*** Opening Stored data ***
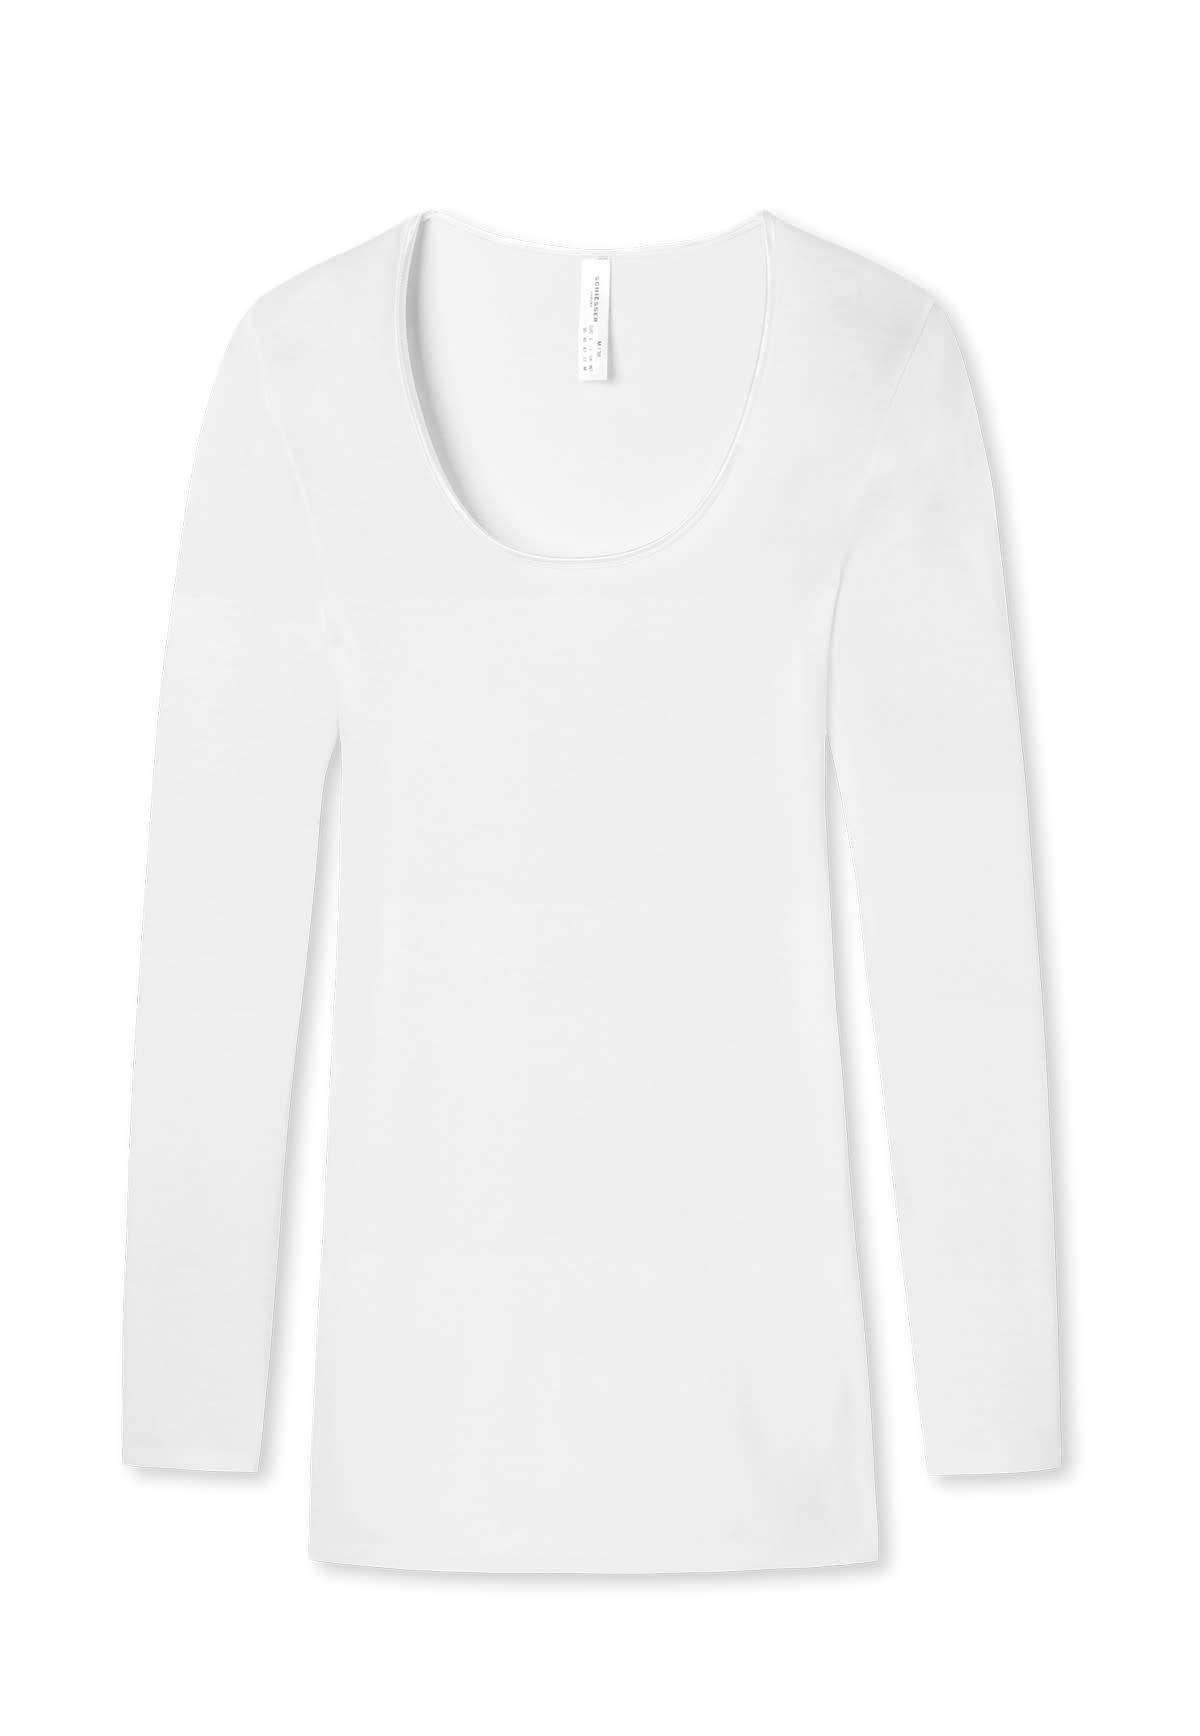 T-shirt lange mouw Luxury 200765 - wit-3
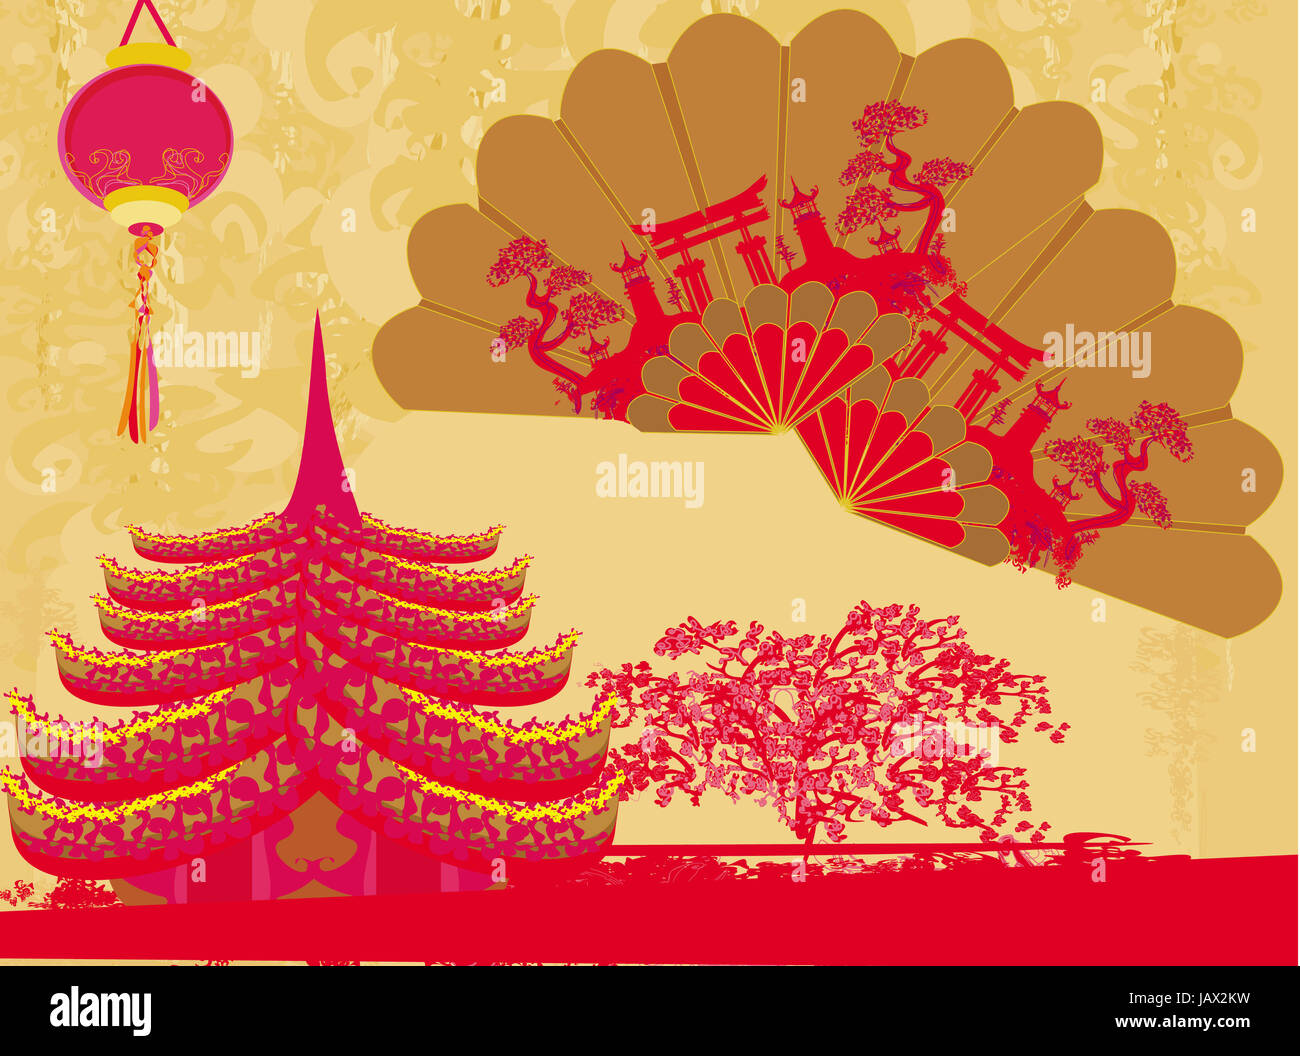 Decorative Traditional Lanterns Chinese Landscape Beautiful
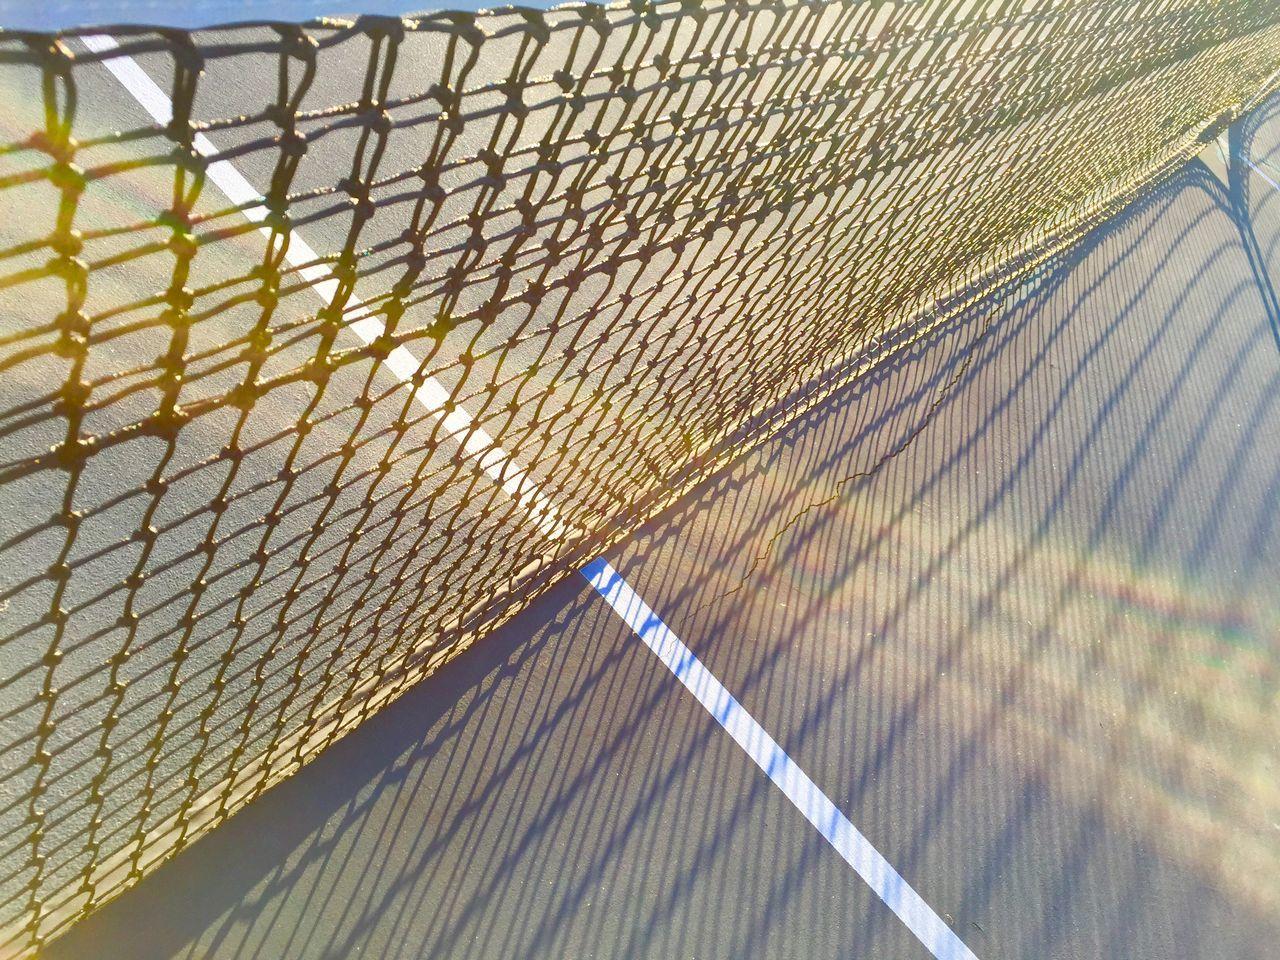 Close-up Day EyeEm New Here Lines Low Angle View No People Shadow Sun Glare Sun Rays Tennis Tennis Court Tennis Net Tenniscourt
*** Closing Stored data ***
■ Problem
Word for word, please, restate the lines of the listing from the one holding "Decorative Traditional Lanterns" down to the last line, leaving out any pictures.

■ Task output
 Decorative Traditional Lanterns Chinese Landscape Beautiful
 Close-up Day EyeEm New Here Lines Low Angle View No People Shadow Sun Glare Sun Rays Tennis Tennis Court Tennis Net Tenniscourt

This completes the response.